═════ Record extracts

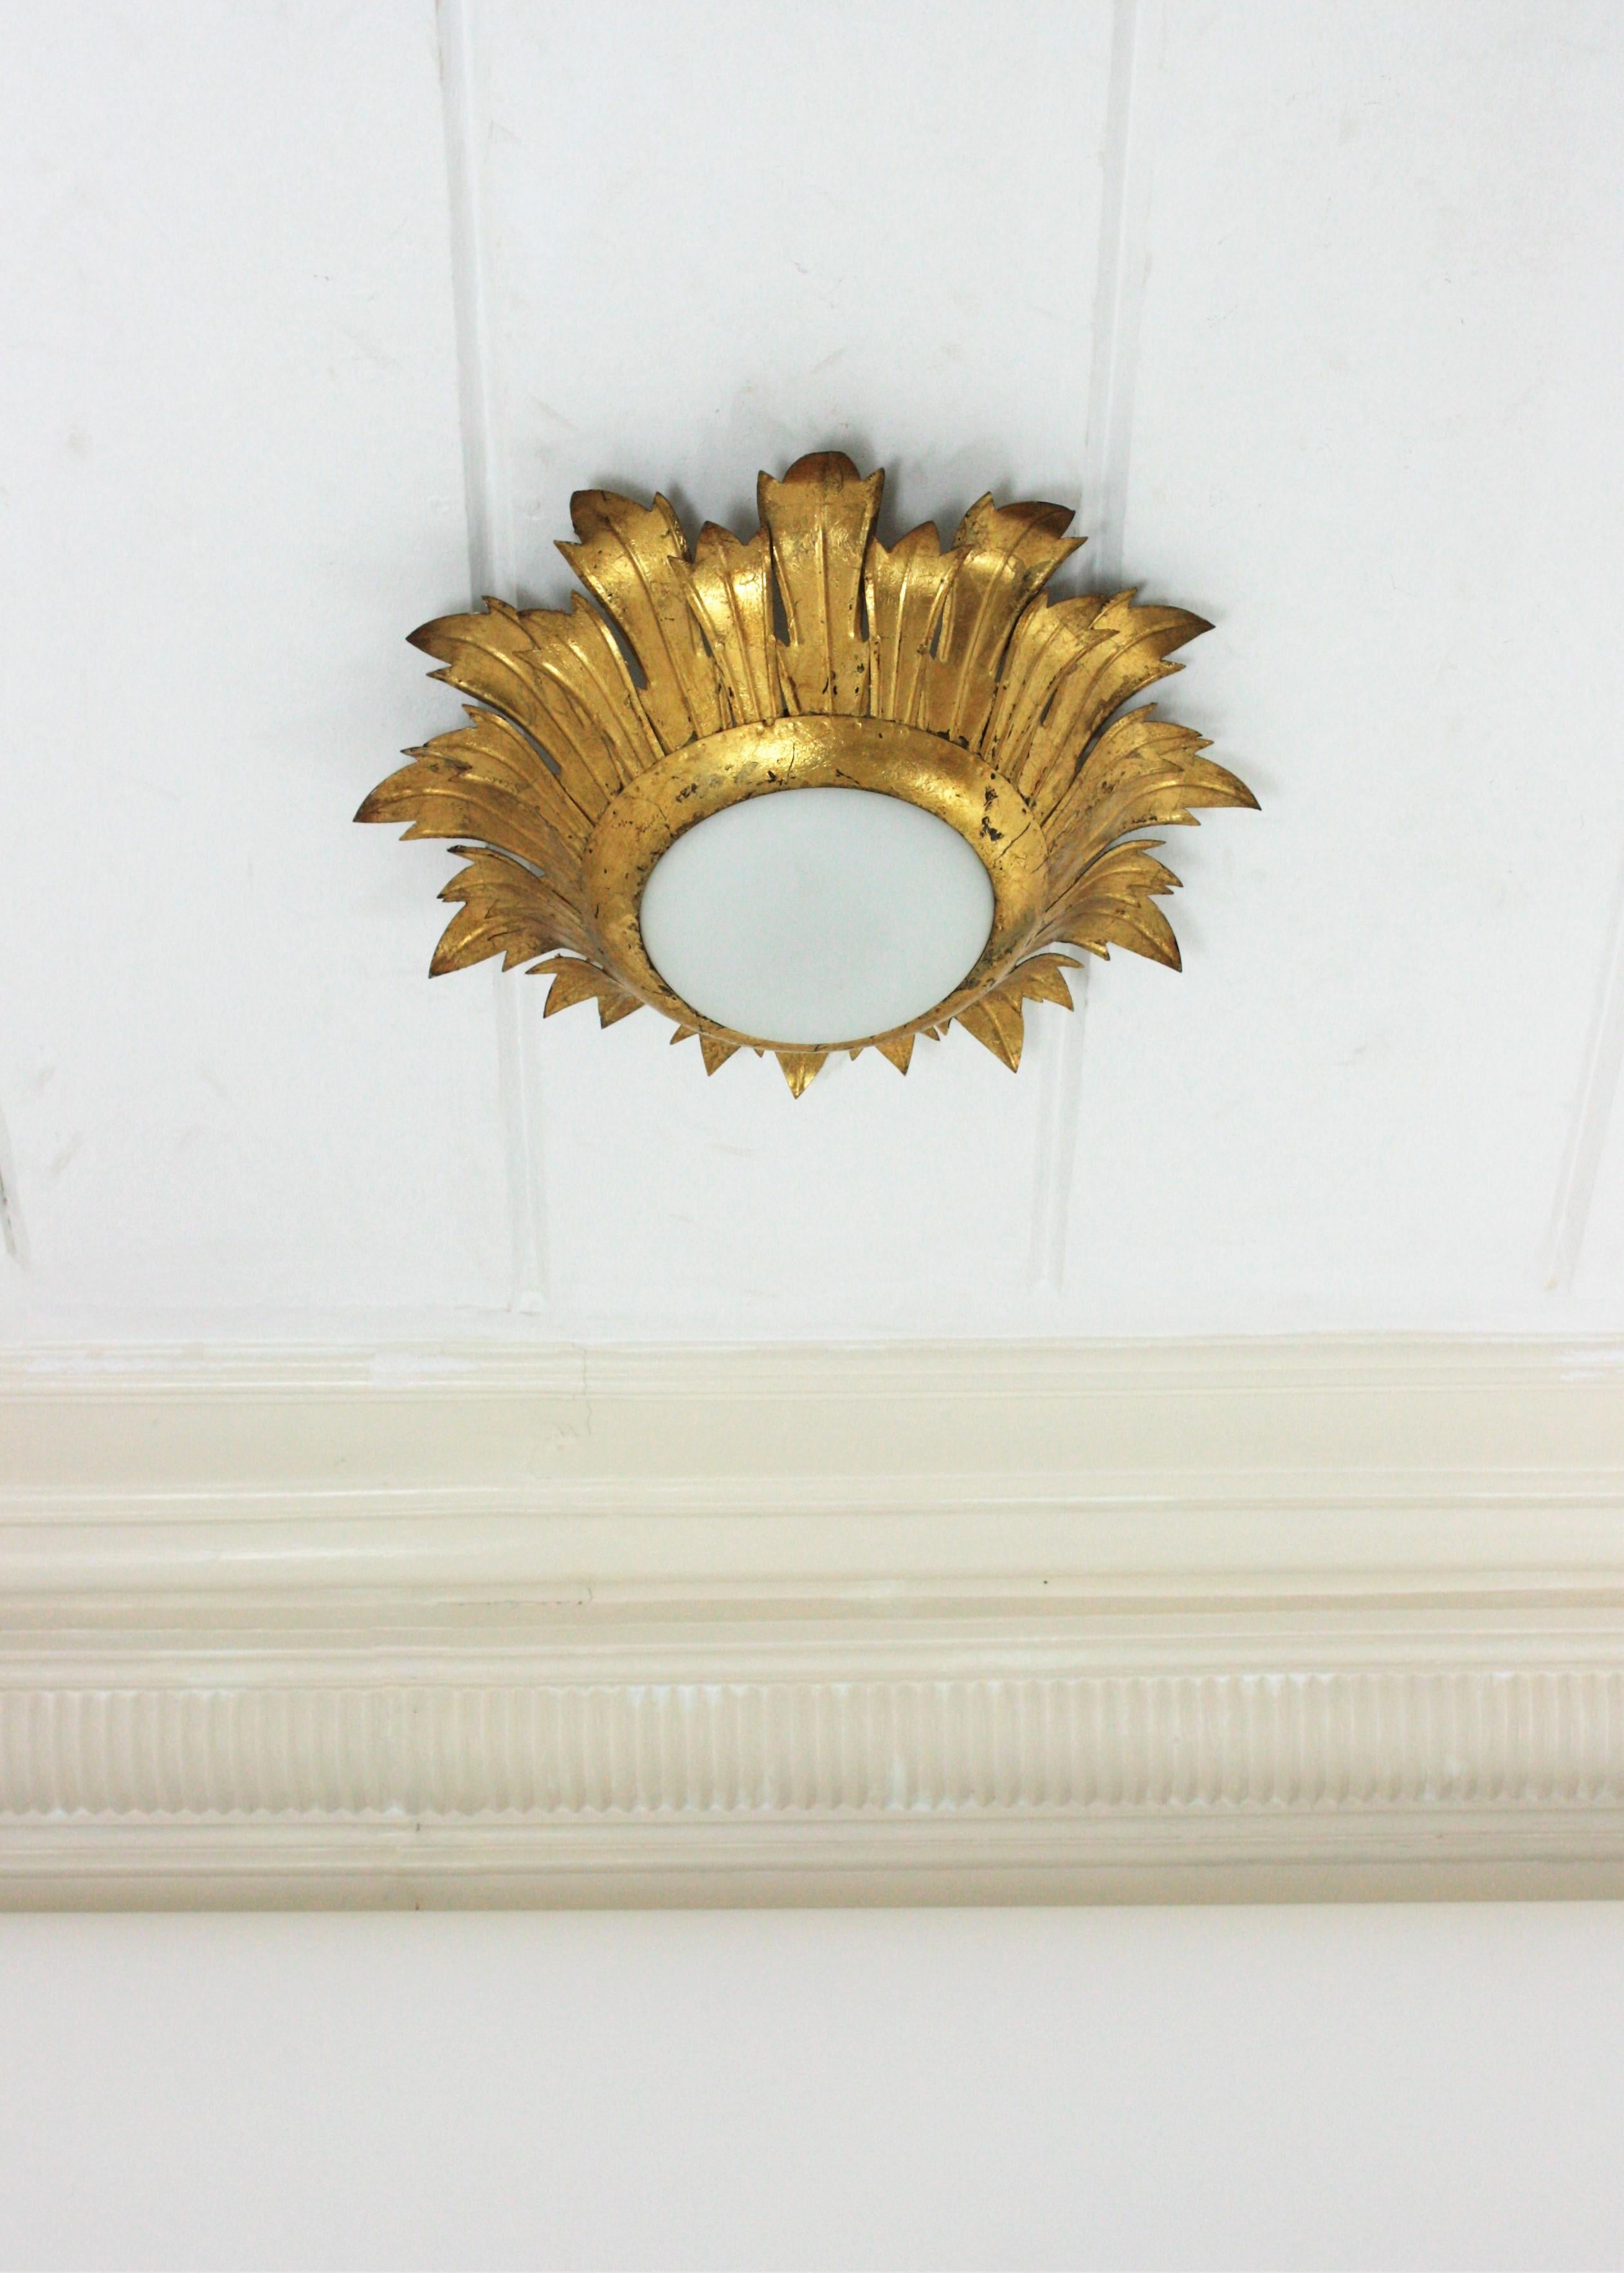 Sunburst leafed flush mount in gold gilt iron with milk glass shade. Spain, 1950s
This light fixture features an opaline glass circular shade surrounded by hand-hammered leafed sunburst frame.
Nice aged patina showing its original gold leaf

══════════
═════ Record extracts

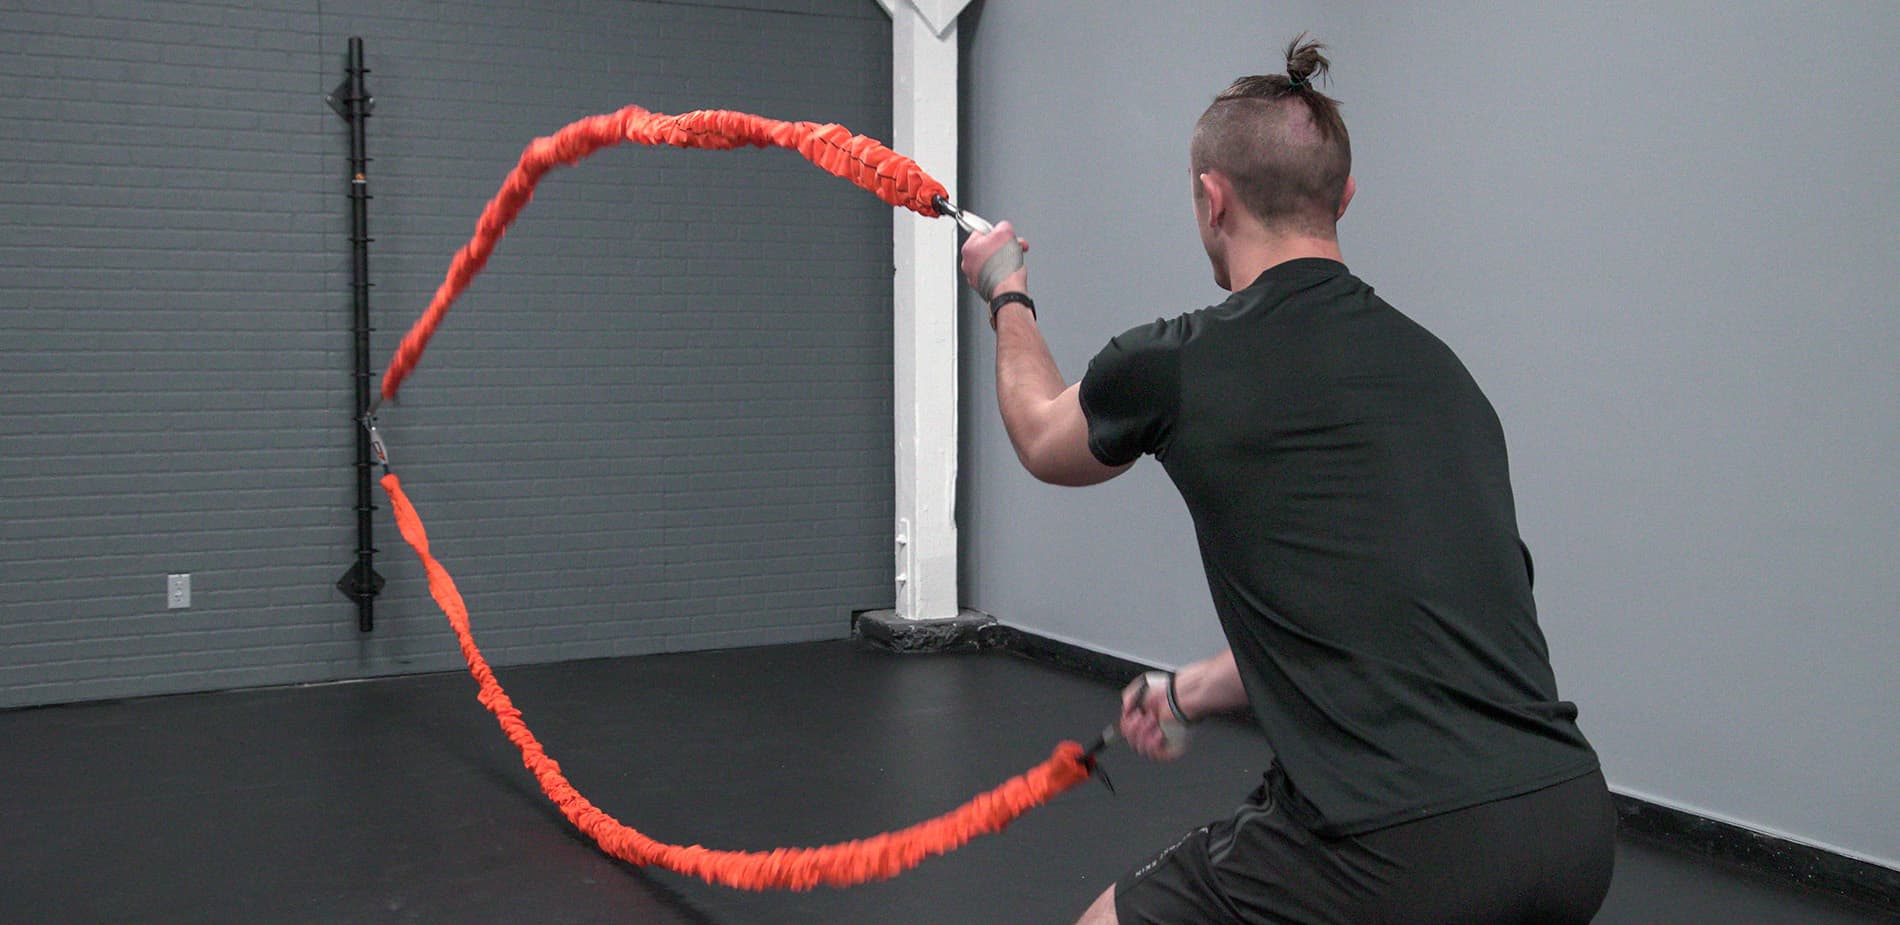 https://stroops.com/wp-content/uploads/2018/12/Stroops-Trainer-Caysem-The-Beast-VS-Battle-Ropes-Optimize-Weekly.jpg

══════════
═════ Record extracts

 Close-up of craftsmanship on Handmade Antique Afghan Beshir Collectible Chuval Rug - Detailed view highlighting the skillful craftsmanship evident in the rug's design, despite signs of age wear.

══════════

Aim of the exercise:
Reproduce exactly, with no pictures, the lines above from the one holding "Sunburst leafed flush" to the one holding "Nice aged patina", inclusive.

Exercise solution:
 Sunburst leafed flush mount in gold gilt iron with milk glass shade. Spain, 1950s
This light fixture features an opaline glass circular shade surrounded by hand-hammered leafed sunburst frame.
Nice aged patina showing its original gold leaf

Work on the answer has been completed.